Fujifilm wants more than $1 billion from Xerox over the failed merger and said in its lawsuit that it was seeking "punitive damages for Xerox's intentional and egregious conduct" in canceling the deal.
The Japanese firm filed a lawsuit in a district court in New York on Monday.
The Norwalk, Connecticut-based Xerox was set to merge with a 56-year-old existing Asia joint venture between the two companies called Fuji Xerox, which would have given Fujifilm control of the combined entity.
About 75 percent of Fuji Xerox is owned by Fujifilm, and the joint venture handles contracts that supply global clients with Xerox services in the United States and Europe, and Fuji Xerox services in Asia.

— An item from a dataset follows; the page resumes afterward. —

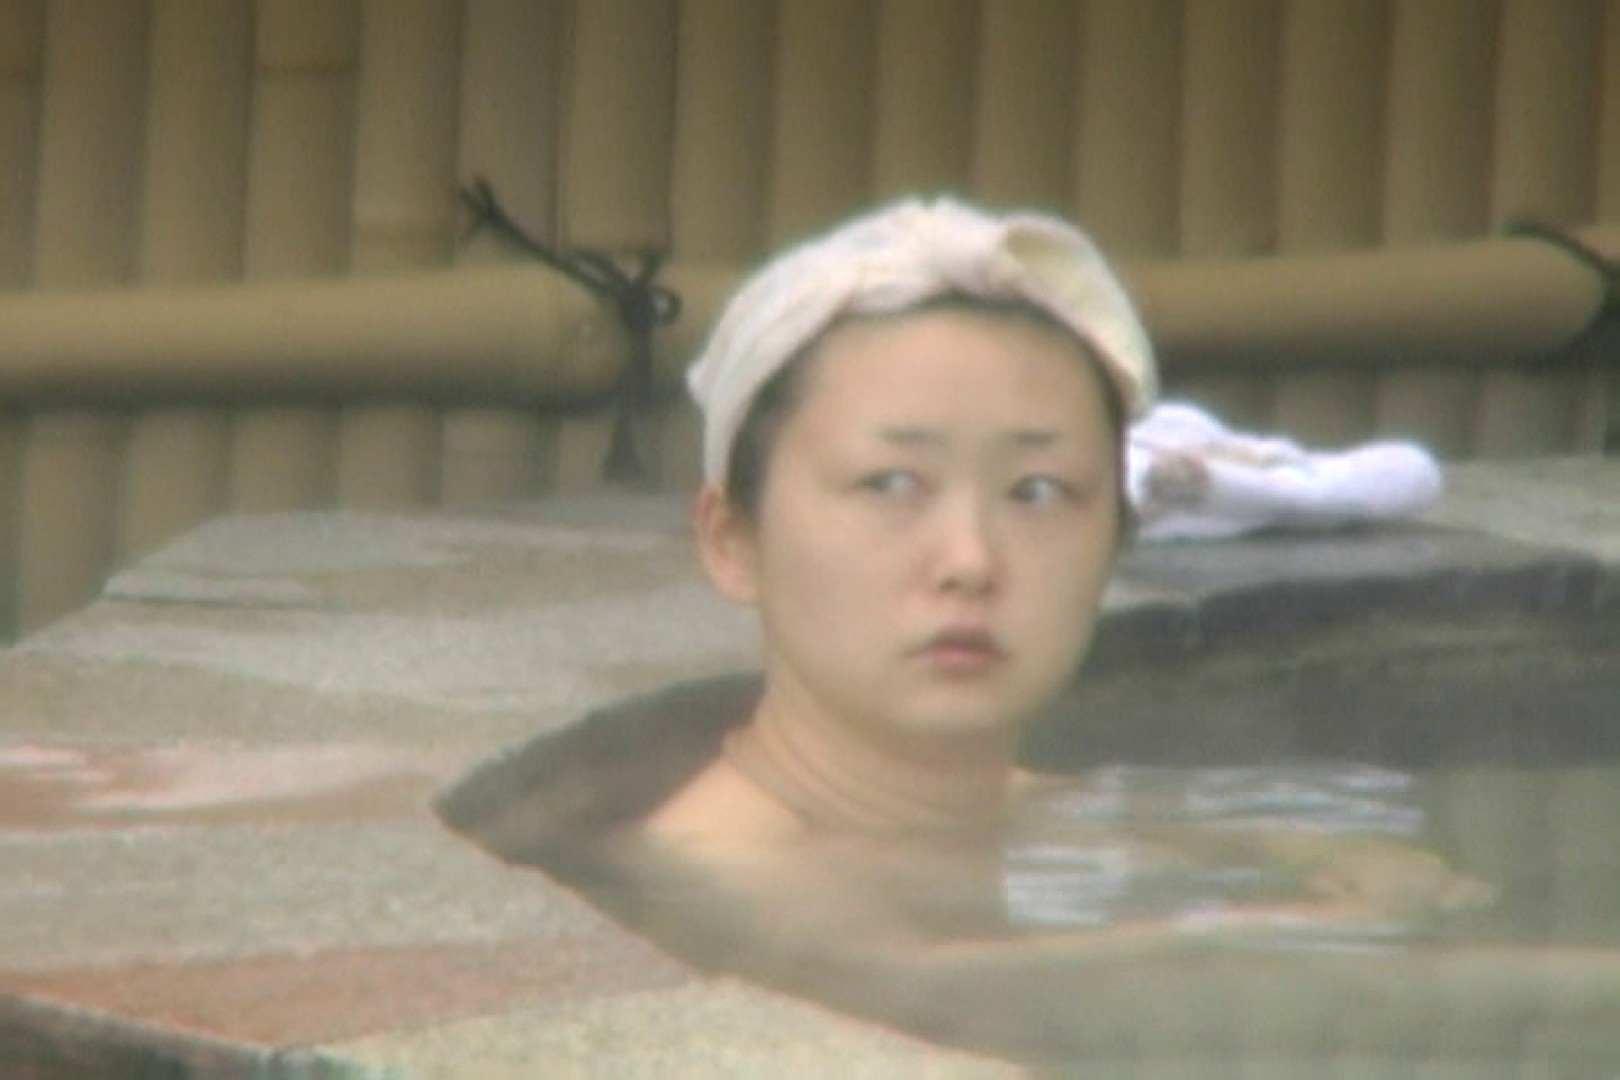 Aquaな露天風呂Vol.564 OL  87連発 61

Fujifilm was hoping that the merger would deliver at least $1.7 billion of cost savings and $1 billion of new revenue annually.
However, the deal faced strong opposition from activist investors Carl Icahn and Darwin Deason, who own 15 percent of Xerox between them.

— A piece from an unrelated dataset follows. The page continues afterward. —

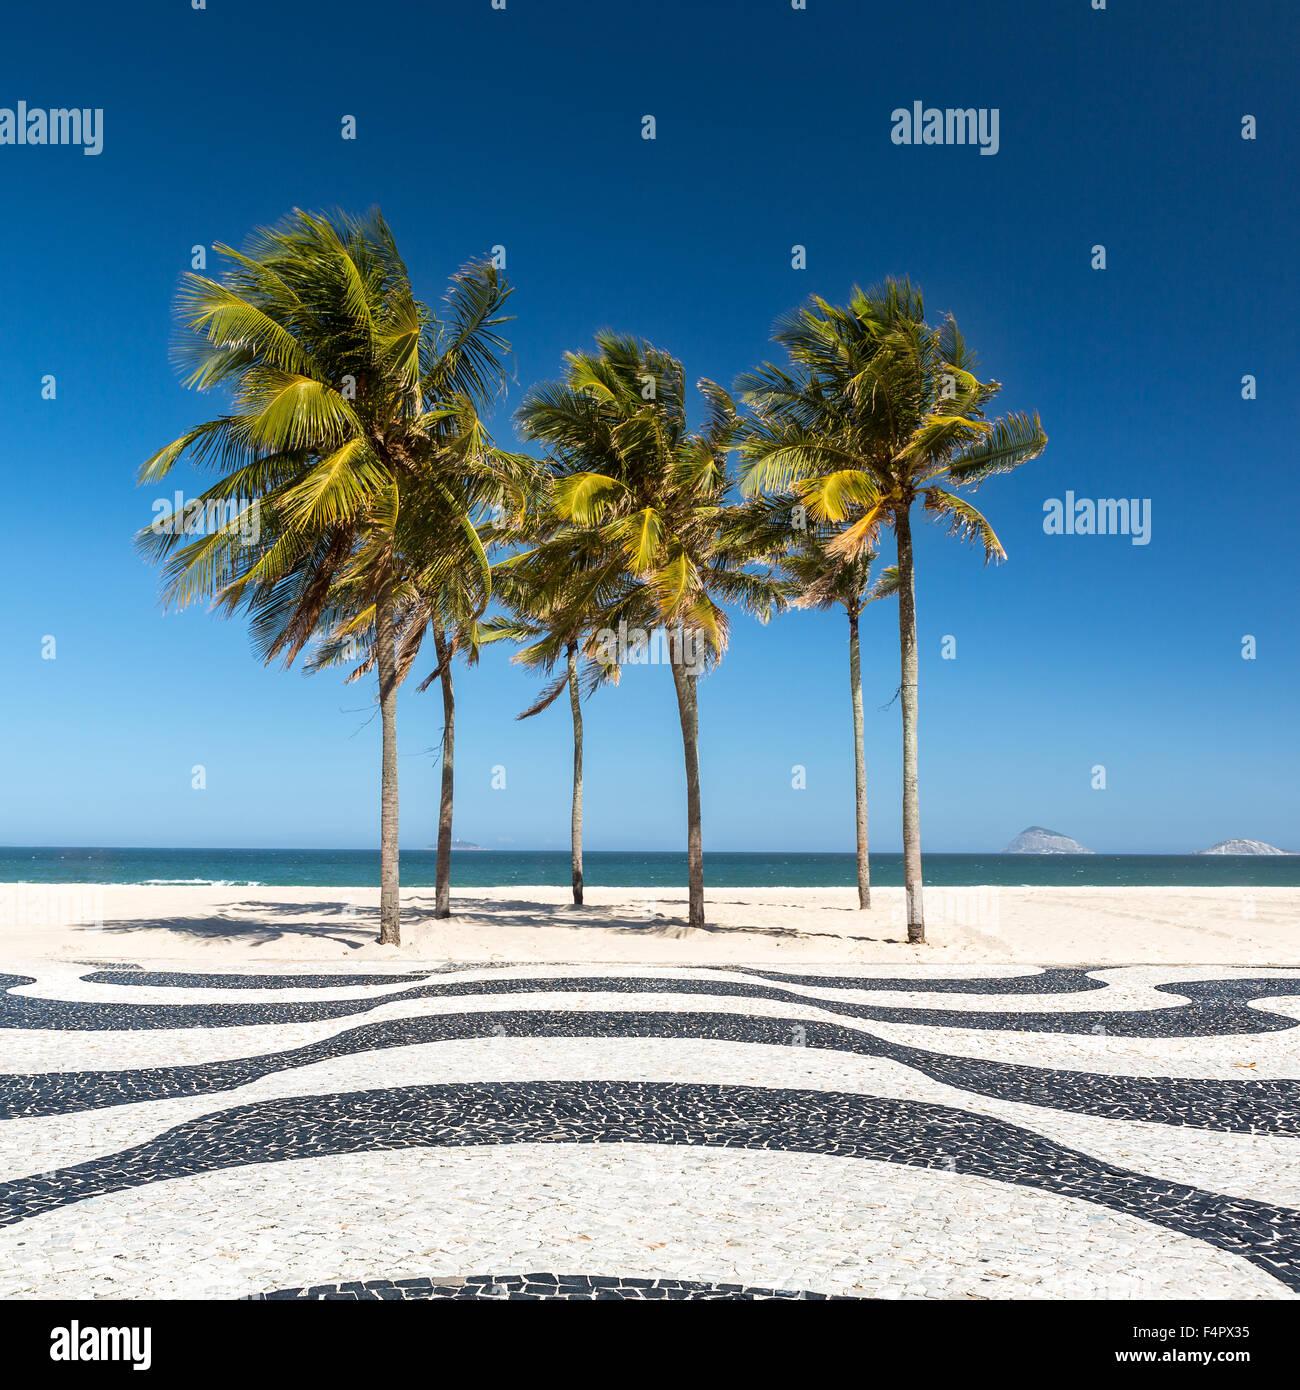 Palm trees and the iconic Copacabana beach mosaic sidewalk, in Rio de Janeiro, Brazil. Stock Photo

The activist investors argued that the deal undervalued the iconic American printer and copier firm.
Last month, Xerox announced that it had reached a new agreement with the two investors, which it said saw CEO Jeff Jacobson and five other board members stepping down from the company.
In a statement released at the time, Xerox said that it was "extremely confident" about its right to back out of the deal.

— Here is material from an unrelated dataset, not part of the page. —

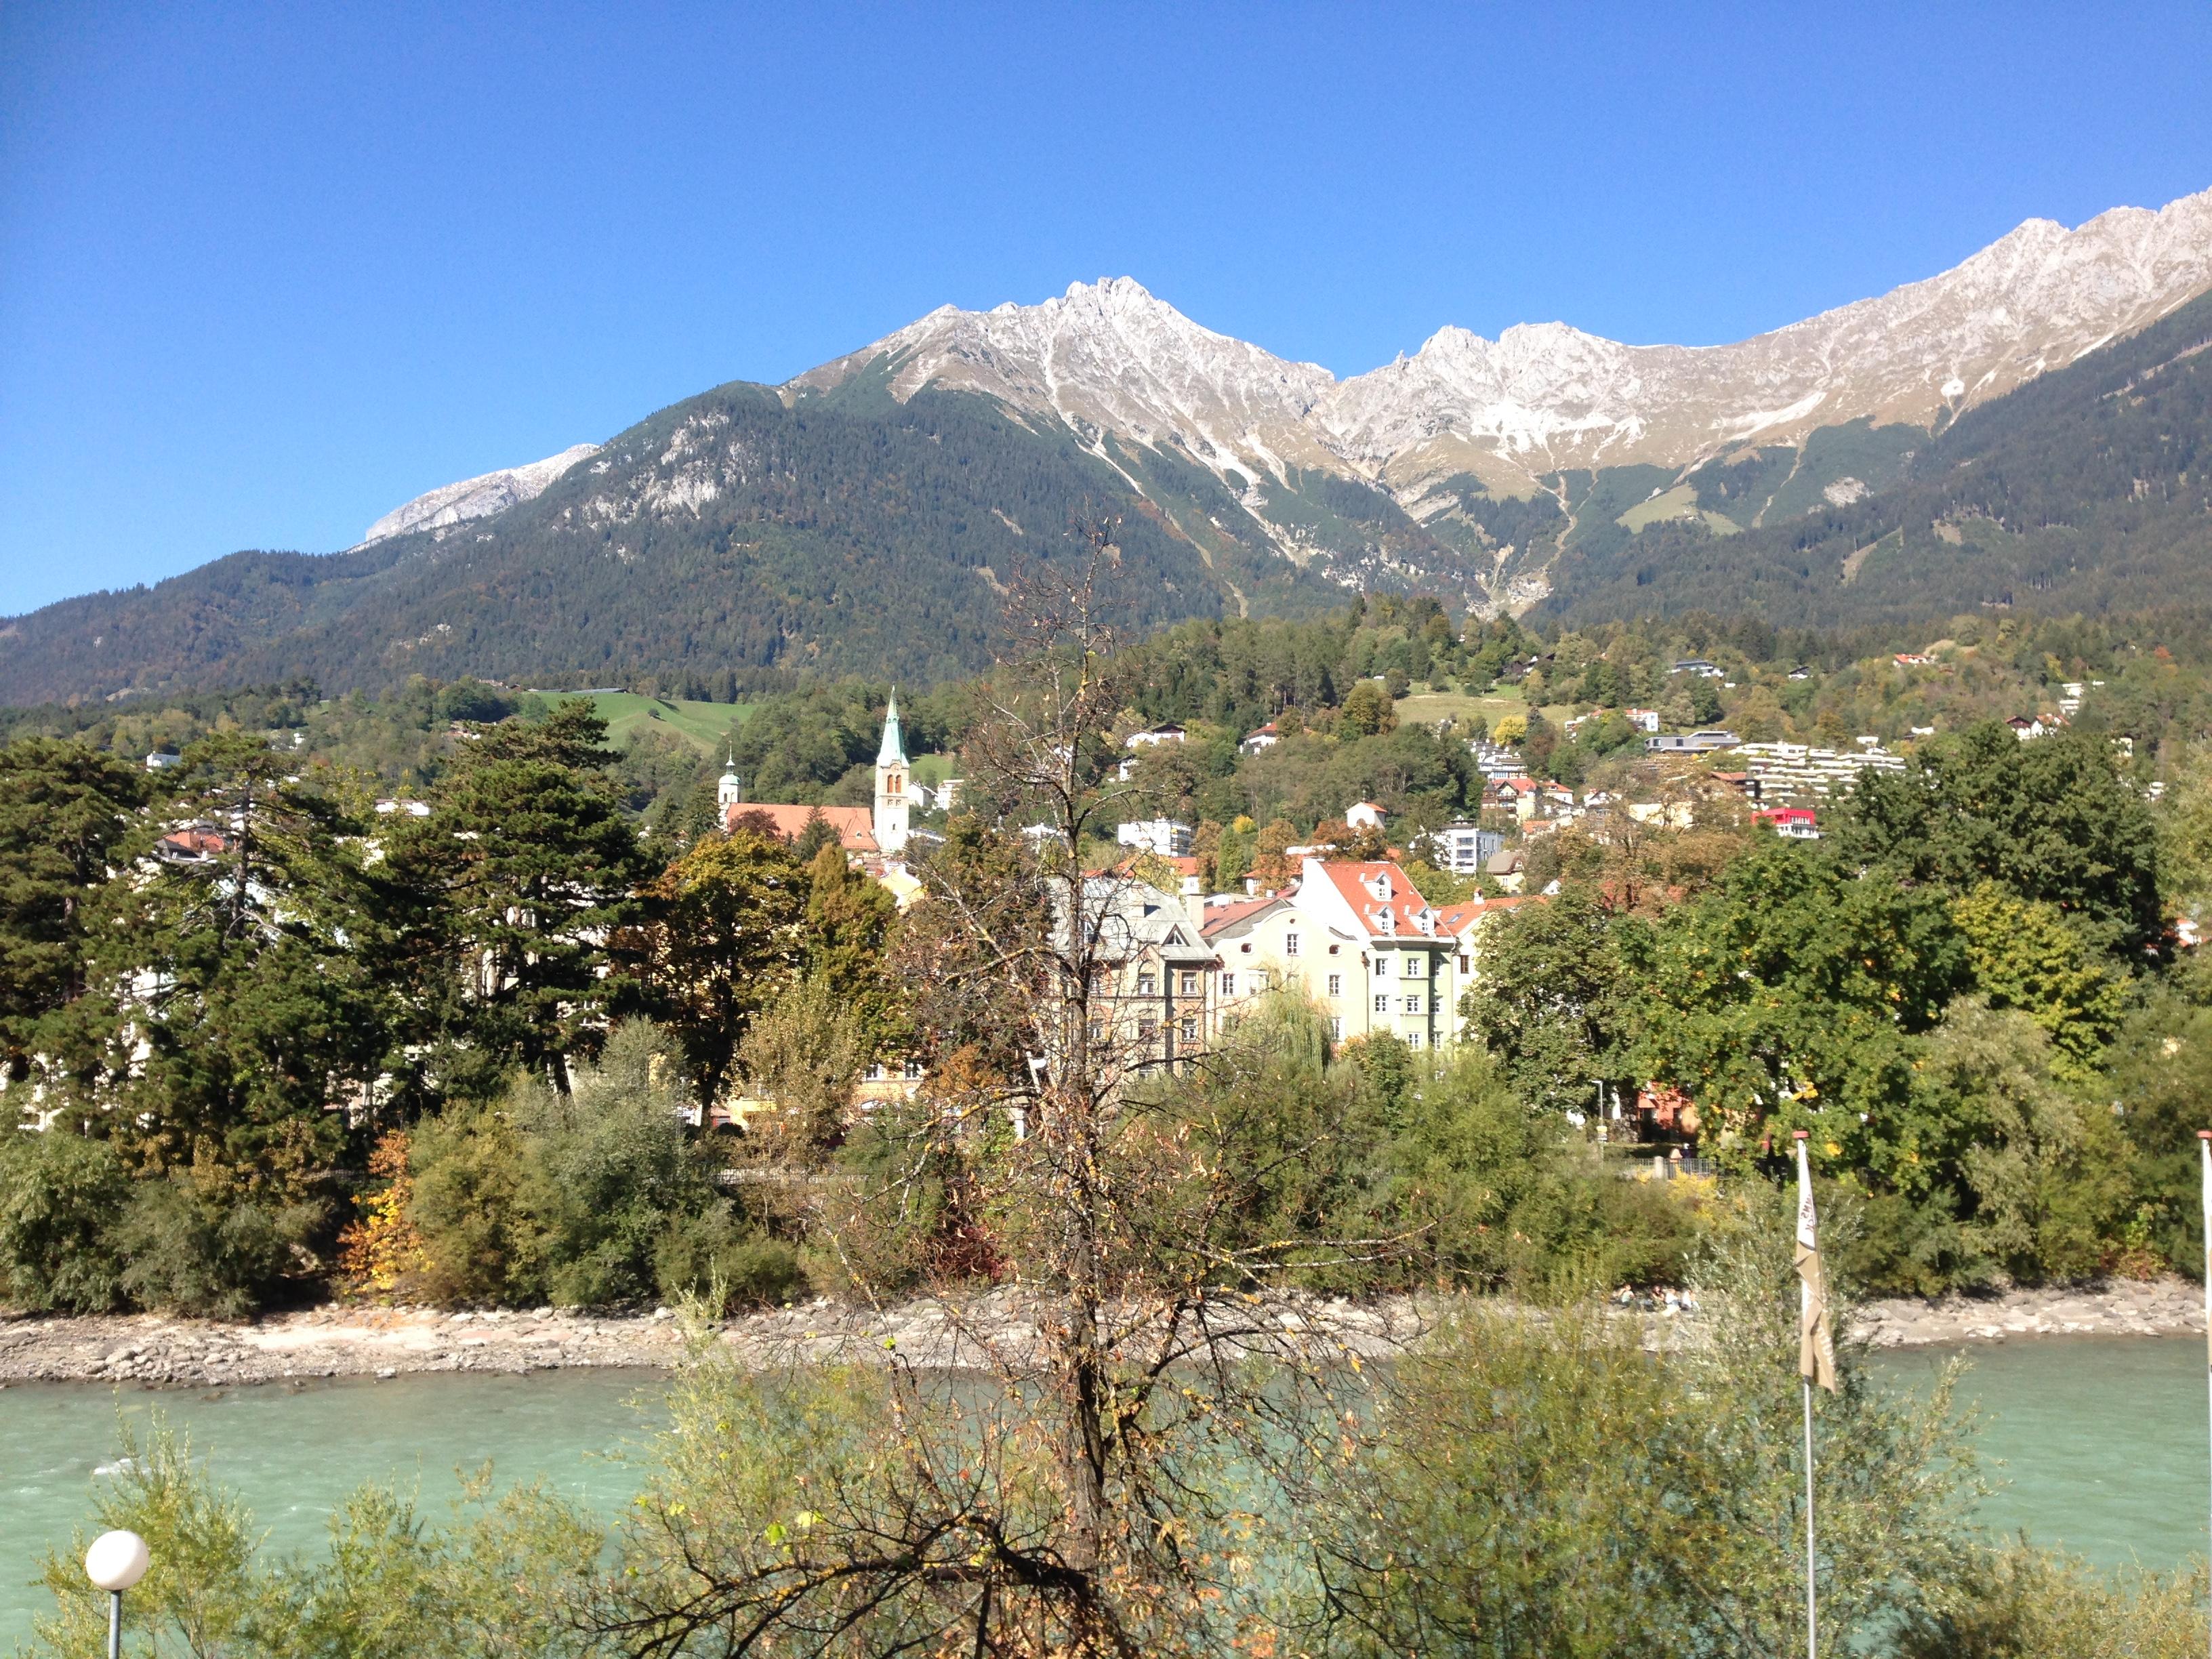 AlpFoodway Midterm Conference,  4 - 5 ottobre 2018 - Innsbruck (A)

The company also added that it would seek remedies for Fujifilm's "mismanagement and misconduct."
On Monday, following Fujifilm’s lawsuit, reports noted that the amount the Japanese firm is seeking from Xerox is significantly higher than the $183 million "termination fee" the companies agreed upon if one of them walked away from the agreement.
However, Fujifilm has argued in its lawsuit that Xerox has deprived it of the benefits of the deal they struck and is also demanding that Xerox be ordered to pay the termination fee.
The company said in a statement on Monday that it continued to believe that its takeover of Xerox was the "only correct solution" for investors in both companies.
Fujifilm said, "It is inconsistent with shareholder democracy to allow Carl Icahn and Darwin Deason, minority shareholders with only 15 percent of Xerox's shares, to dictate the fate of Xerox.”
Both the companies had announced the $6.1 billion merger in January this year.
While abandoning the deal, Xerox said in a statement ”Despite our insistence, Fujifilm provided no assurance that it will do so (start talks about improved terms of the proposed transaction) within an acceptable timeframe.”
At the time, Fujifilm said it disputes Xerox's right to terminate the deal and would look at all options including legal action seeking damages.
Xerox is now expected to go up for sale in an auction at a higher price.
On Monday, responding to Fujifilm’s lawsuit, Xerox said that it remained “extremely confident” it had a contractual right to back out, and would seek remedies for Fujifilm’s “mismanagement and misconduct.”